Content starts

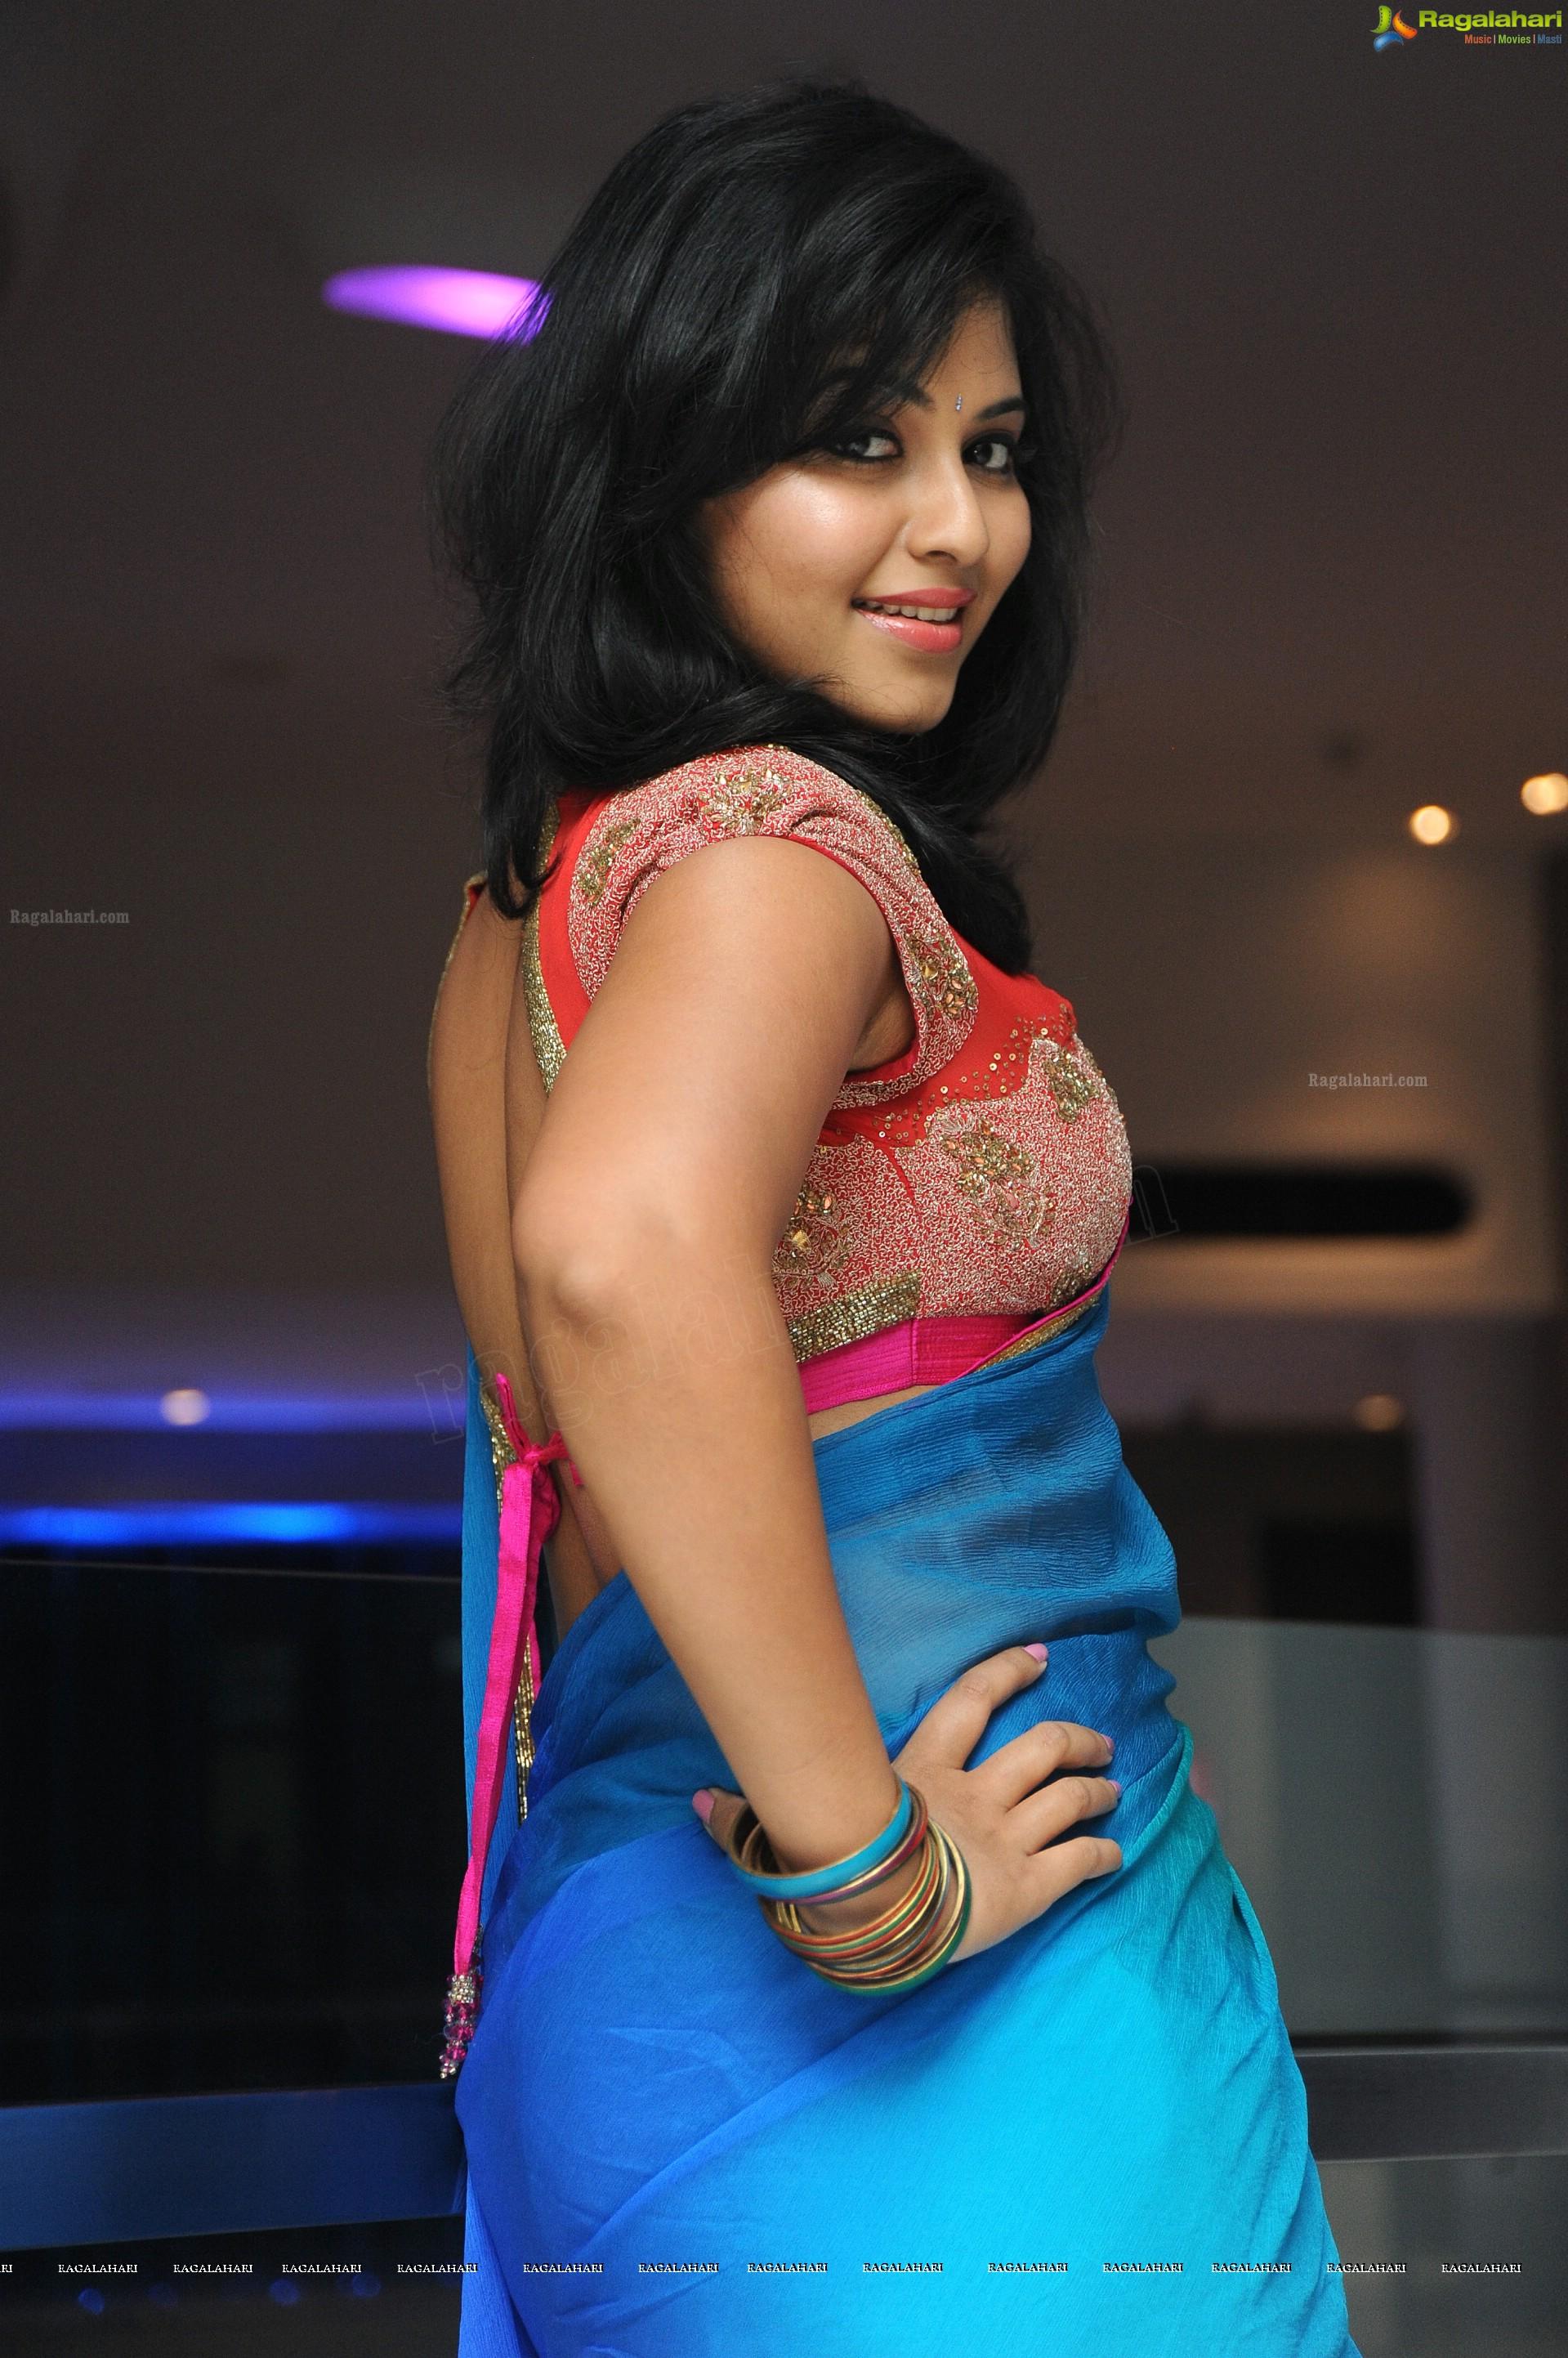 anjali (high definition) image 27 | beautiful tollywood actress
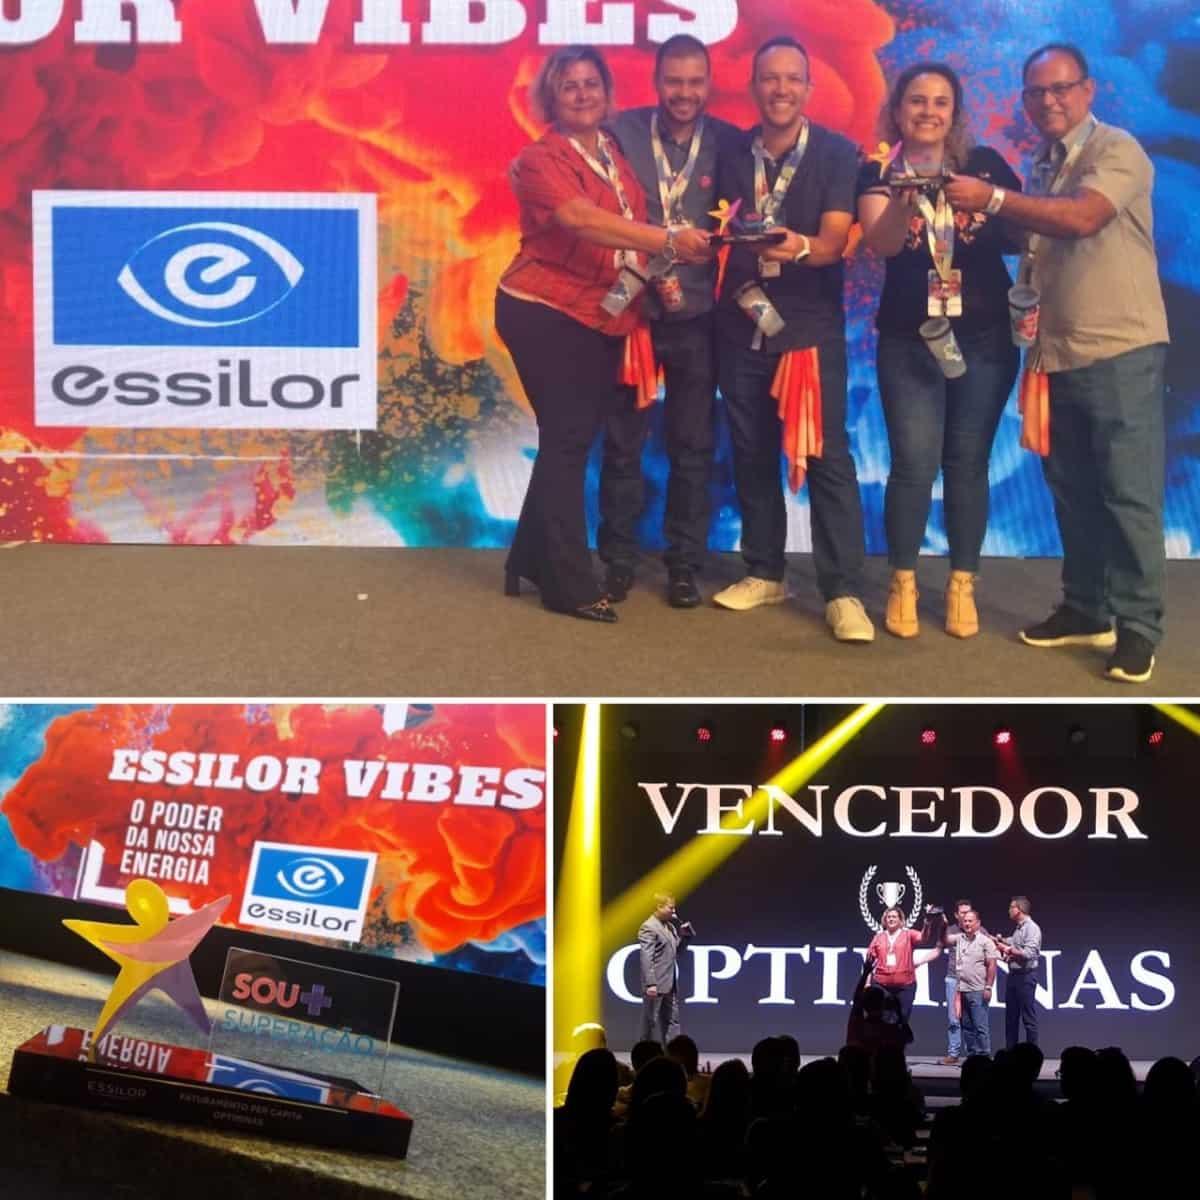 ESSILOR VIBES - 21/01/2019
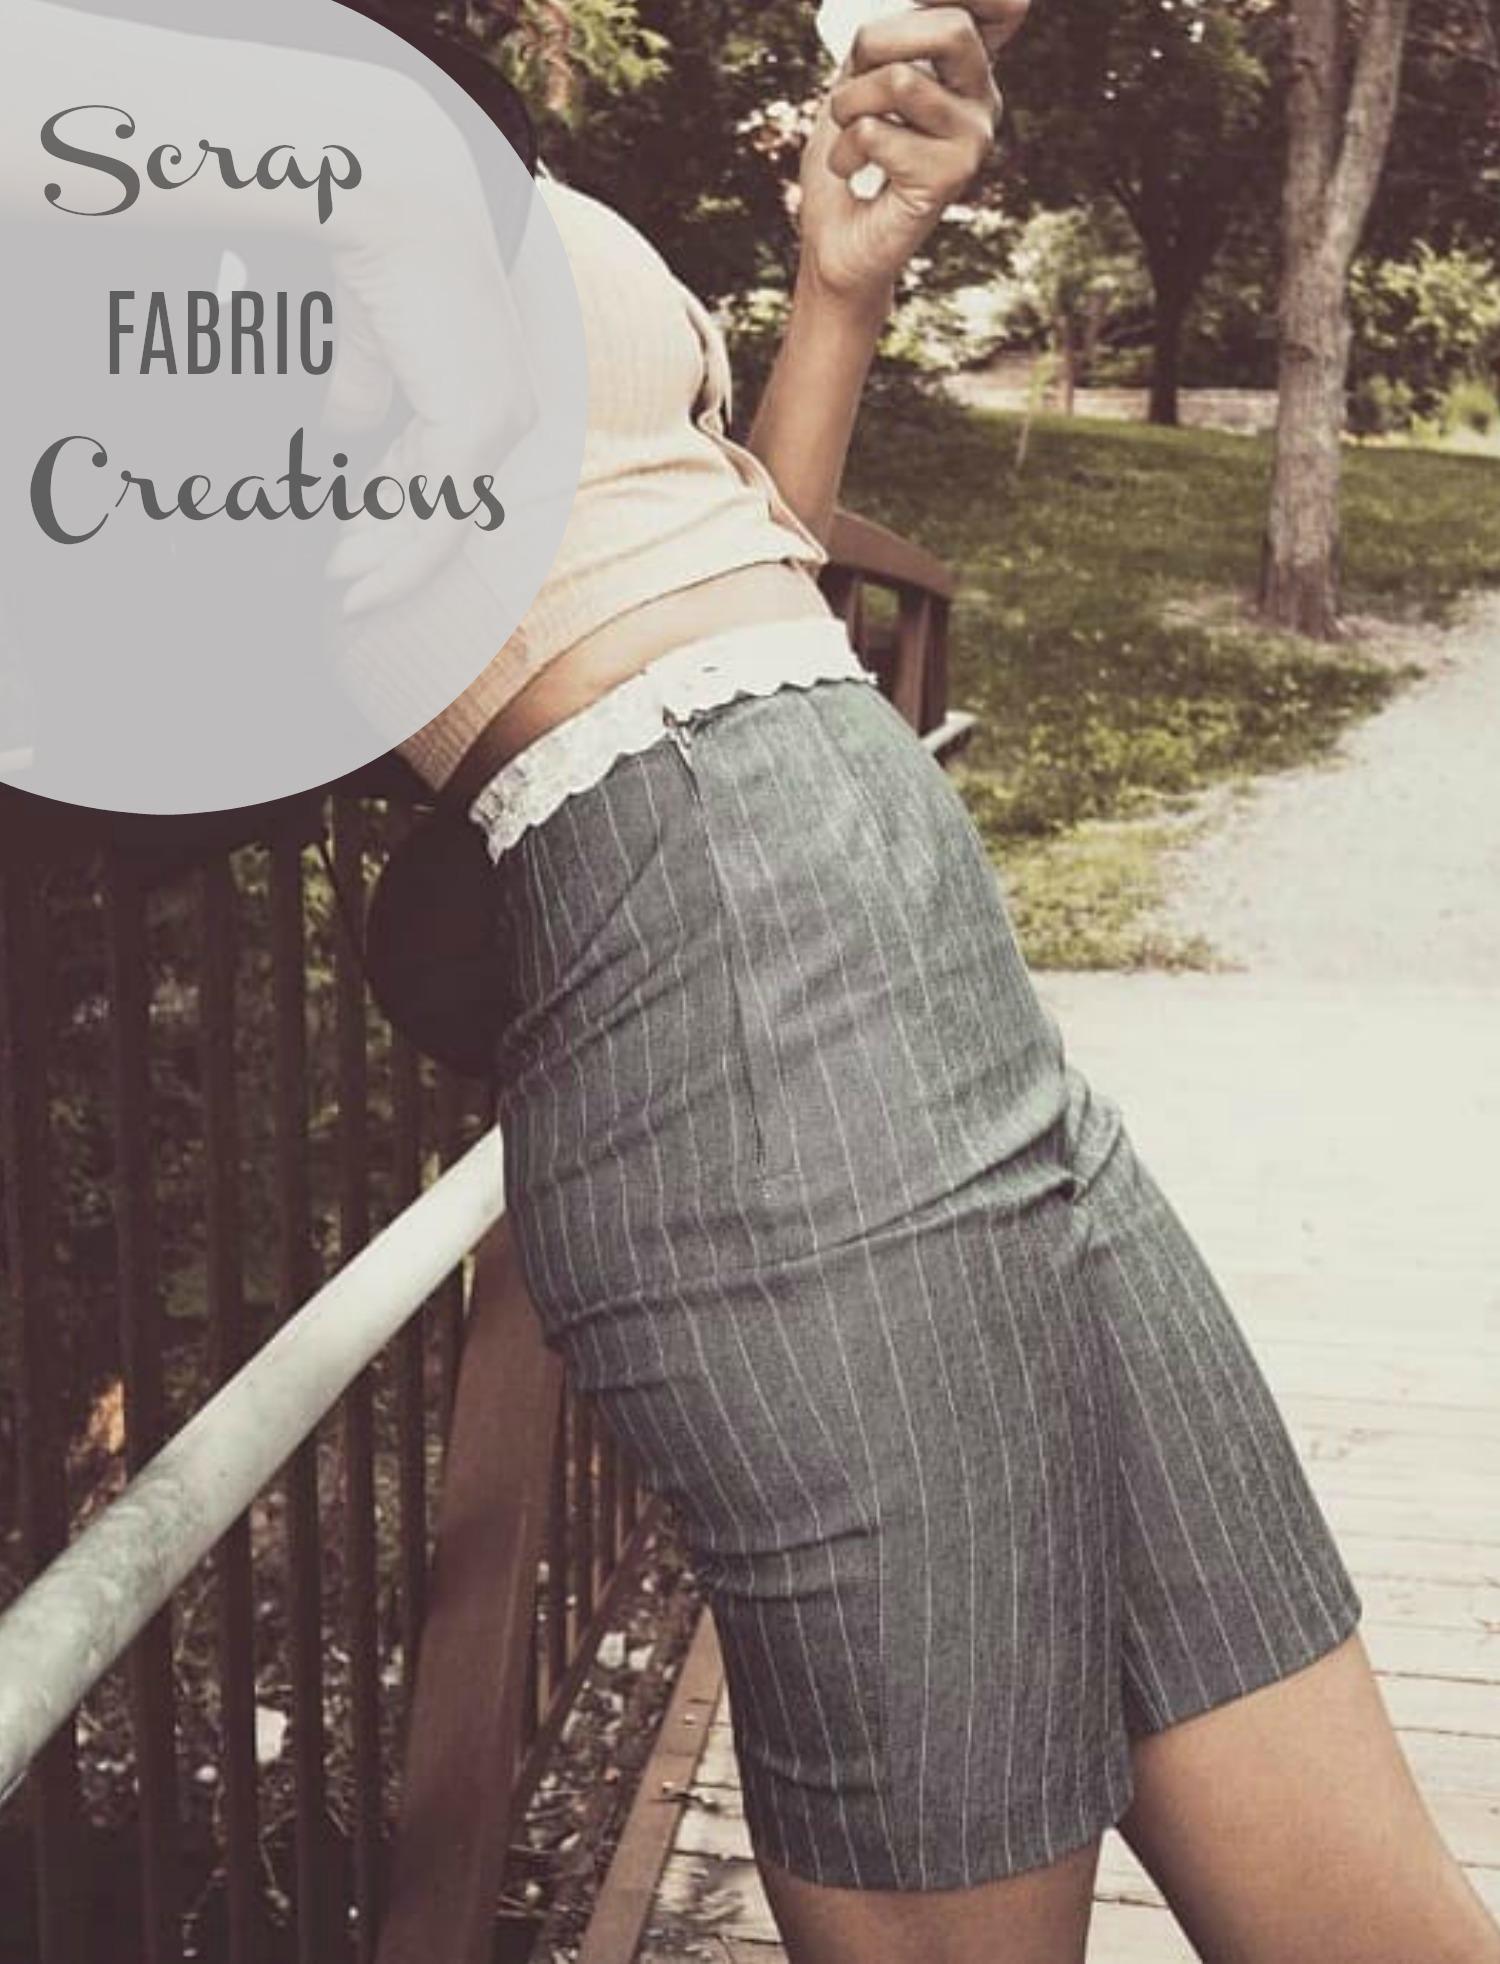 b-fabric-scrap-creations-profile-shorts.jpg
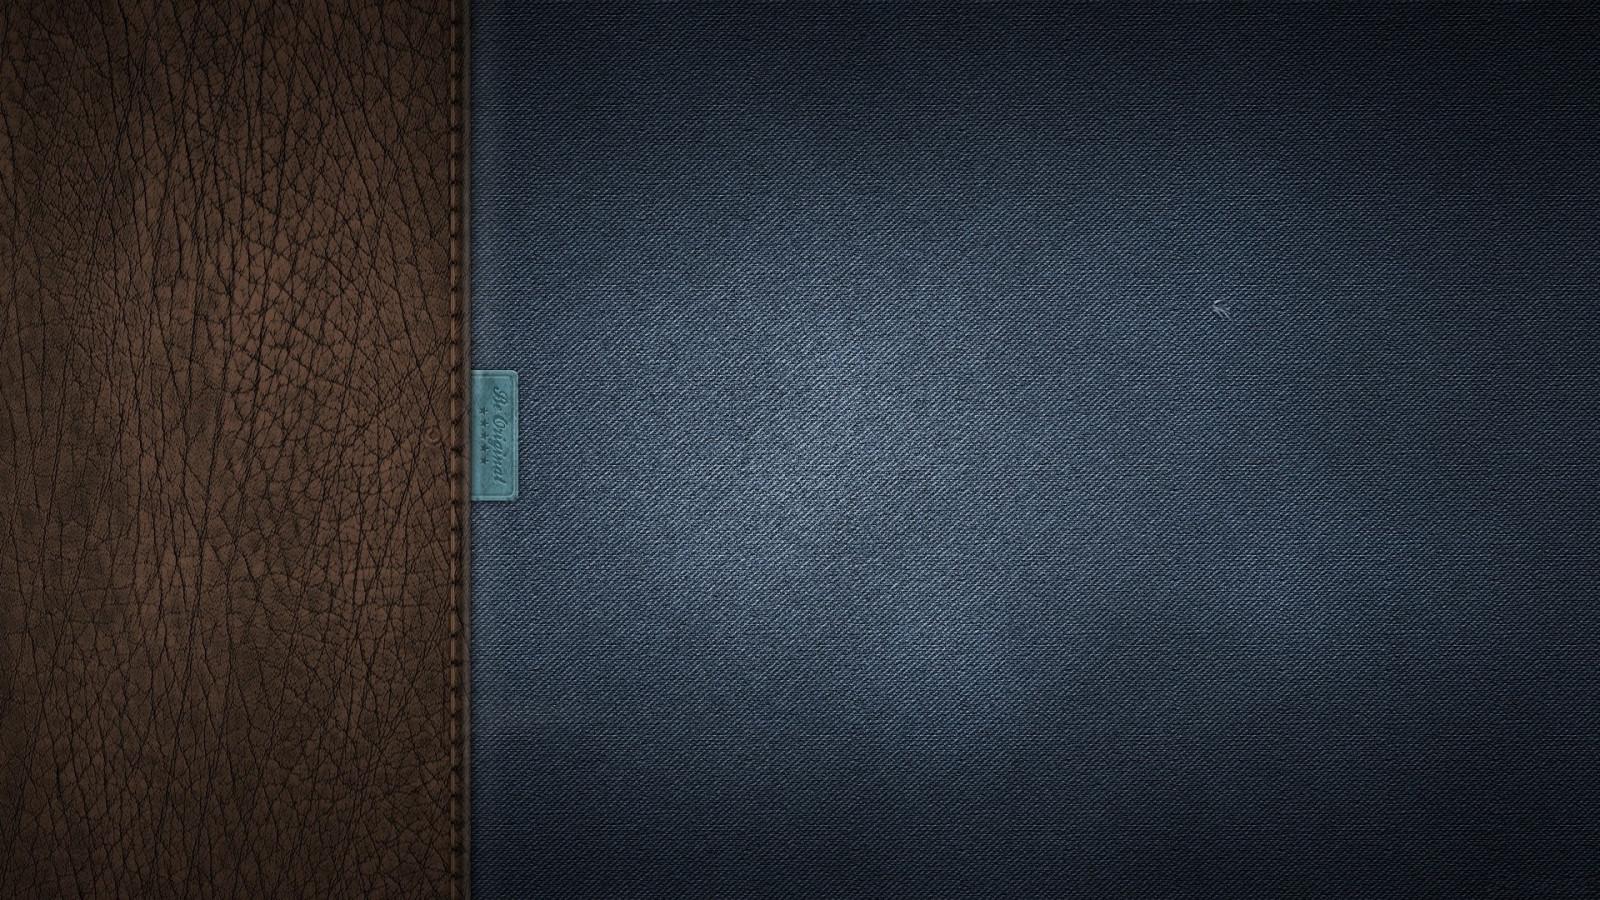 fond d 39 cran noir mur bois vert bleu denim texture cuir design d 39 int rieur couleur. Black Bedroom Furniture Sets. Home Design Ideas

Content ends

◆ Problem details
An unchanged copy of the data, images excluded, is all that should be given.

◆ Answer below
 anjali (high definition) image 27 | beautiful tollywood actress
 ESSILOR VIBES - 21/01/2019
 b-fabric-scrap-creations-profile-shorts.jpg
 fond d 39 cran noir mur bois vert bleu denim texture cuir design d 39 int rieur couleur. Black Bedroom Furniture Sets. Home Design Ideas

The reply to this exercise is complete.